United Press International - Monday, 11 December, 2000
Eli J. Lake
"Last year, my government, through the Centers for Disease Control, contributed almost $5 million to support Botswana's efforts," Albright said to a crowd at the Old Naledi Mother-to-Child HIV Transmission Clinic. "This year, our commitment will not falter."
Of the $5 million approximately $1.2 million will go to build two-room trailers with televisions and video cassette recorders to play an AIDS-awareness tape encouraging pregnant women to be tested for HIV. Overall, the United States will give more than $400 million for its total international AIDS budget.
Albright has elevated the issue of AIDS to a national security concern, giving the matter to a higher priority in Washington and in the international community. She points to a meeting with the U.N. Security Council to discuss AIDS, something the panel had never broached before, with pride.

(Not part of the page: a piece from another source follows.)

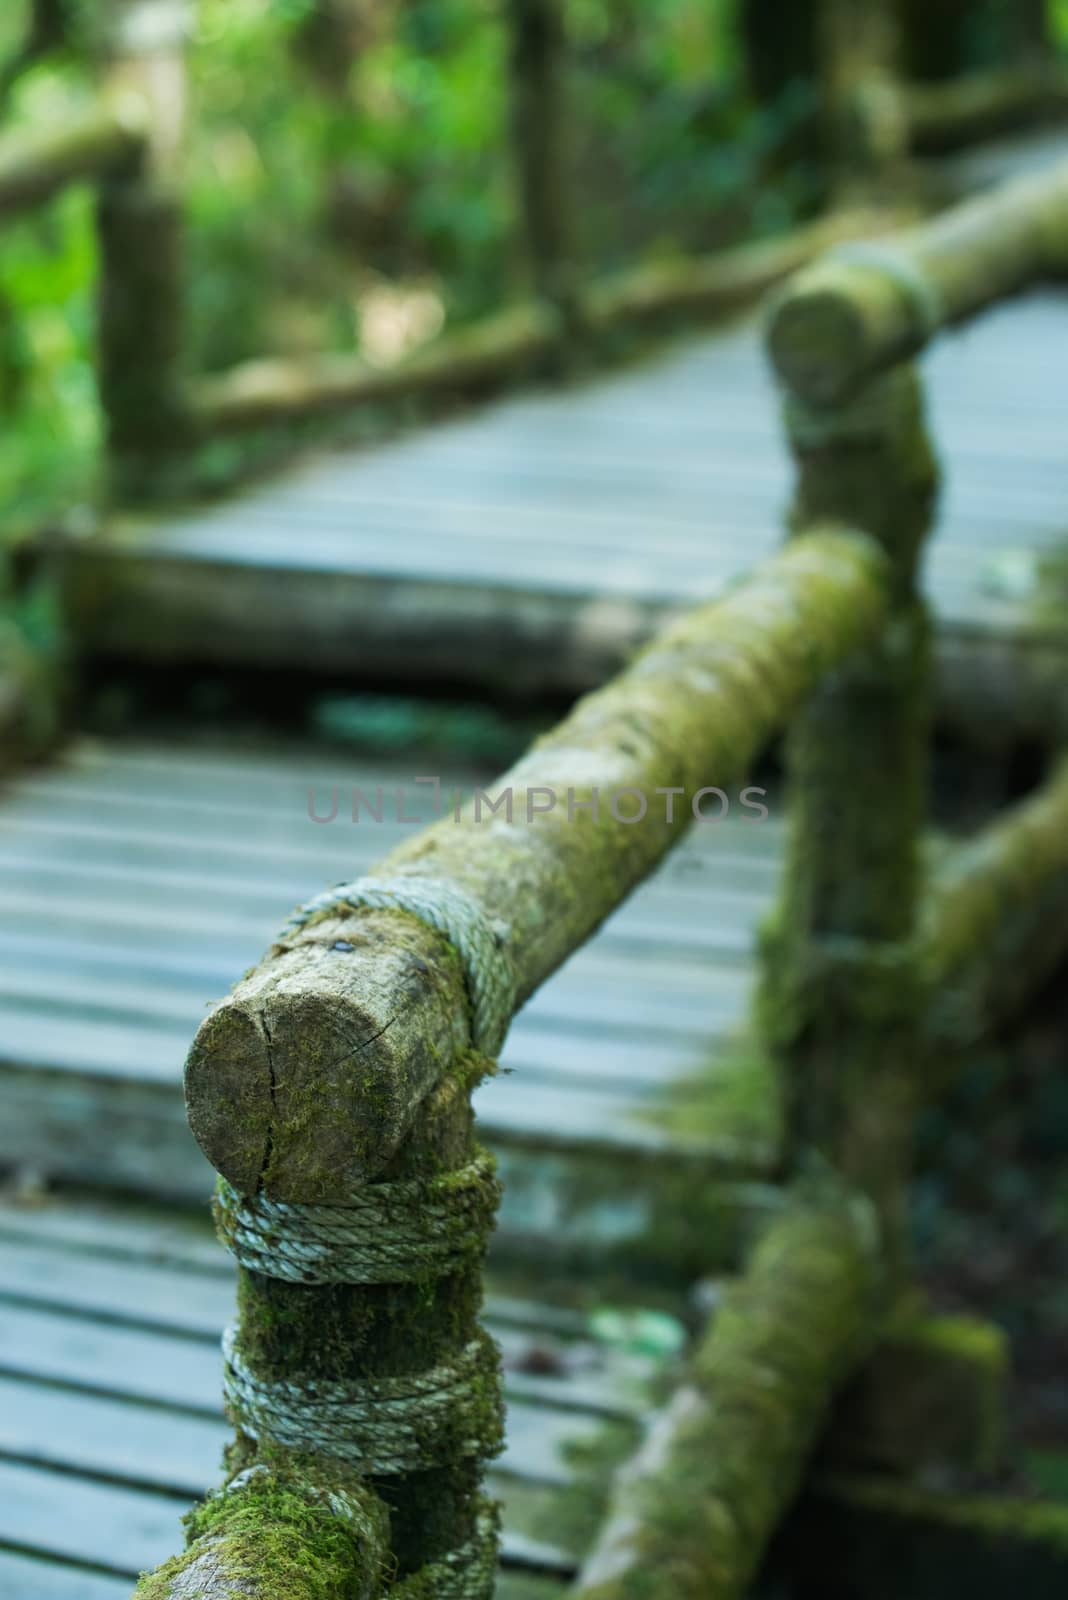 Wooden bridge in tropical rain forest by jakgree
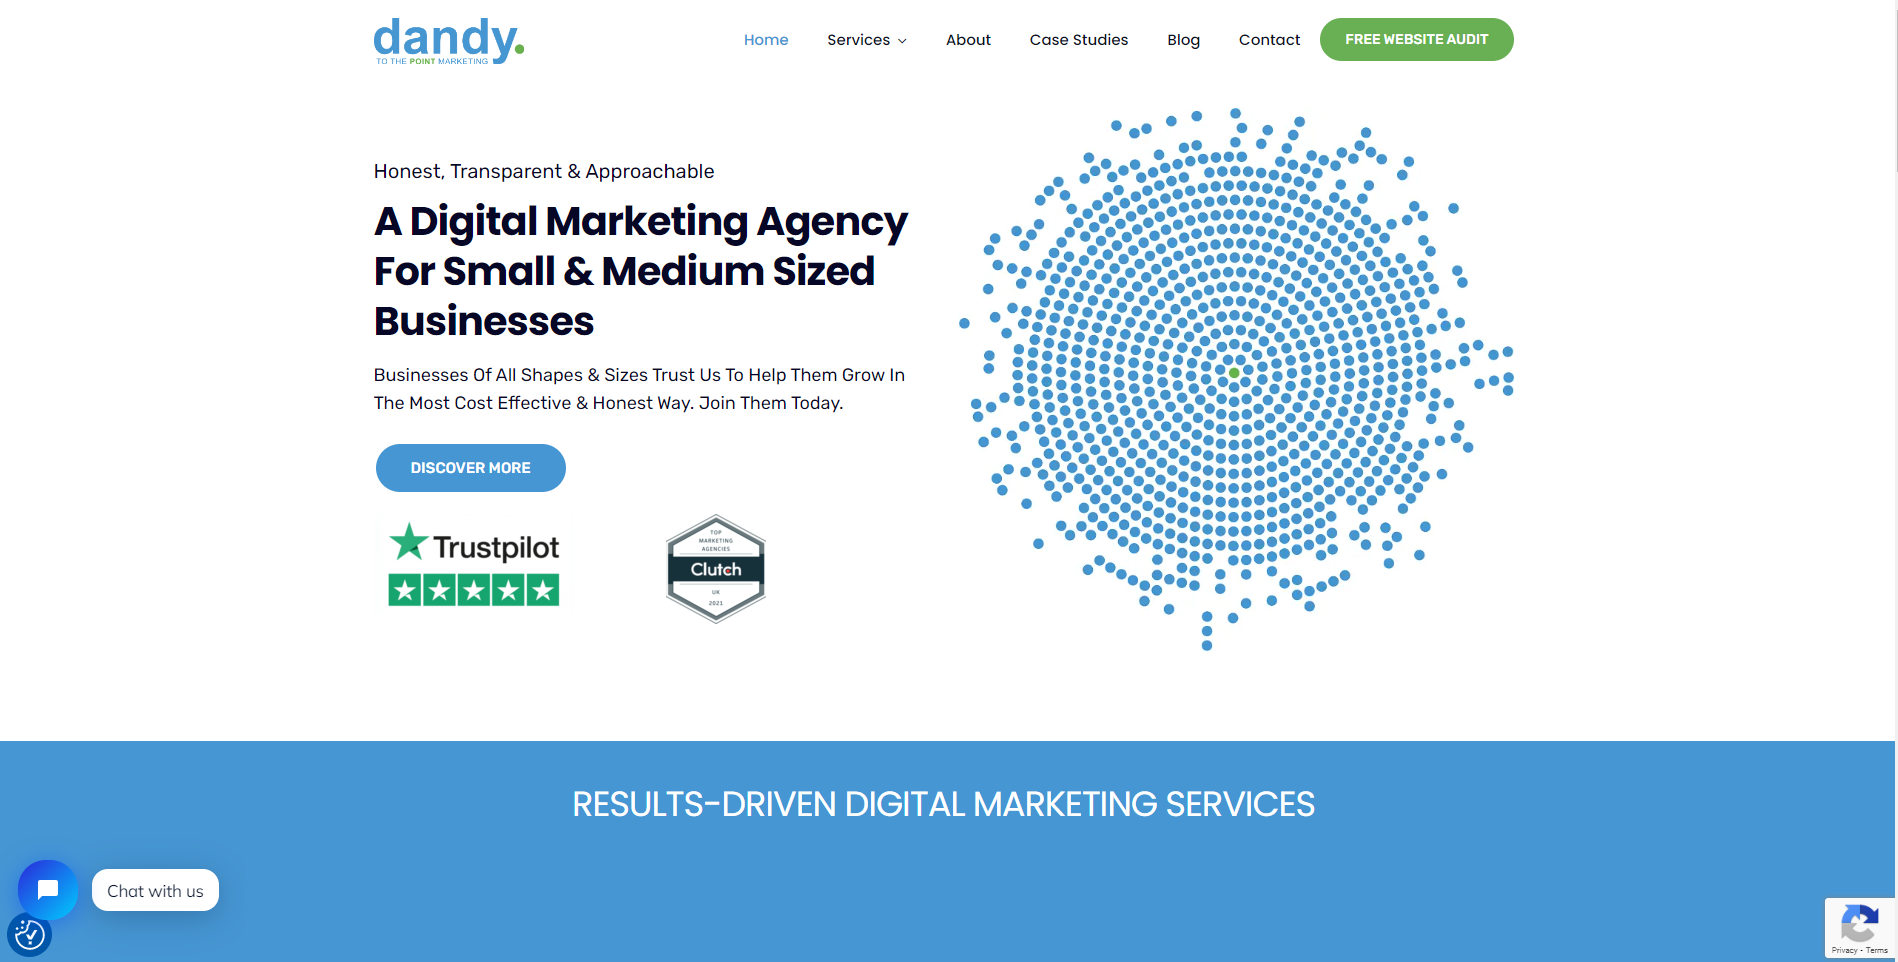 Dandy Digital Marketing Agency

And the security implications of AIDS in Botswana are clear. Thirty-six percent of adults aged 15-49 years are infected with HIV and many of those people cross the country's borders for work and sometimes for pleasure. The infection rate for pregnant women in Botswana is around 40 percent and in some areas it is as high as 50 percent. Of the 60,000 babies born each year in the country, about 24,000 are exposed to HIV in the womb or through breast feeding.
Botswana's Health Minister Joy Phumaphi said the success of the counseling and testing initiative "depends a lot on the extent to which mothers want to participate in the process."
Getting women to test themselves for AIDS has been a problem. Albright sat with women being treated by the center, three of who said they had not yet been tested for the virus. When asked why, they shrugged and smiled, saying they were afraid of the results. The secretary of state replied that such medical tests, whether or positive or negative, were accompanied by a sense of calm after knowing the results.
But for many women in Southern Africa news of an HIV infection is met with ostracization from the community and beatings from husbands. David Ngele, a driver for the center who is HIV positive, said, "Sex is just something we don't talk about here." Dr. Thomas Kenyon the director of the Center for Disease Control's Botswana project said, "While there is a lot of awareness about AIDS, there is still accompanying ignorance about modes of transmission, it's highly stigmatized, people are reluctant to come forward for testing."
One aspect of the program likely to fight the stigma surrounding AIDS is the participation of the pop singer Mayoress, also known as Sister. She appears on the video and chose Monday to announce that she was HIV positive. Albright said the singer "is a wonderful example of what we can all accomplish when we confront life's most daunting challenges with courage." Because she was tested early and received treatment, her son did not contract the virus. Inside the clinic, Mayoress told the women, "I am living a happier life and working and still a musician."
Because diamond-rich Botswana is one of the strongest economies in the region, it can afford to treat pregnant women with AZT, an option other poorer countries like South Africa do not have because of the high cost.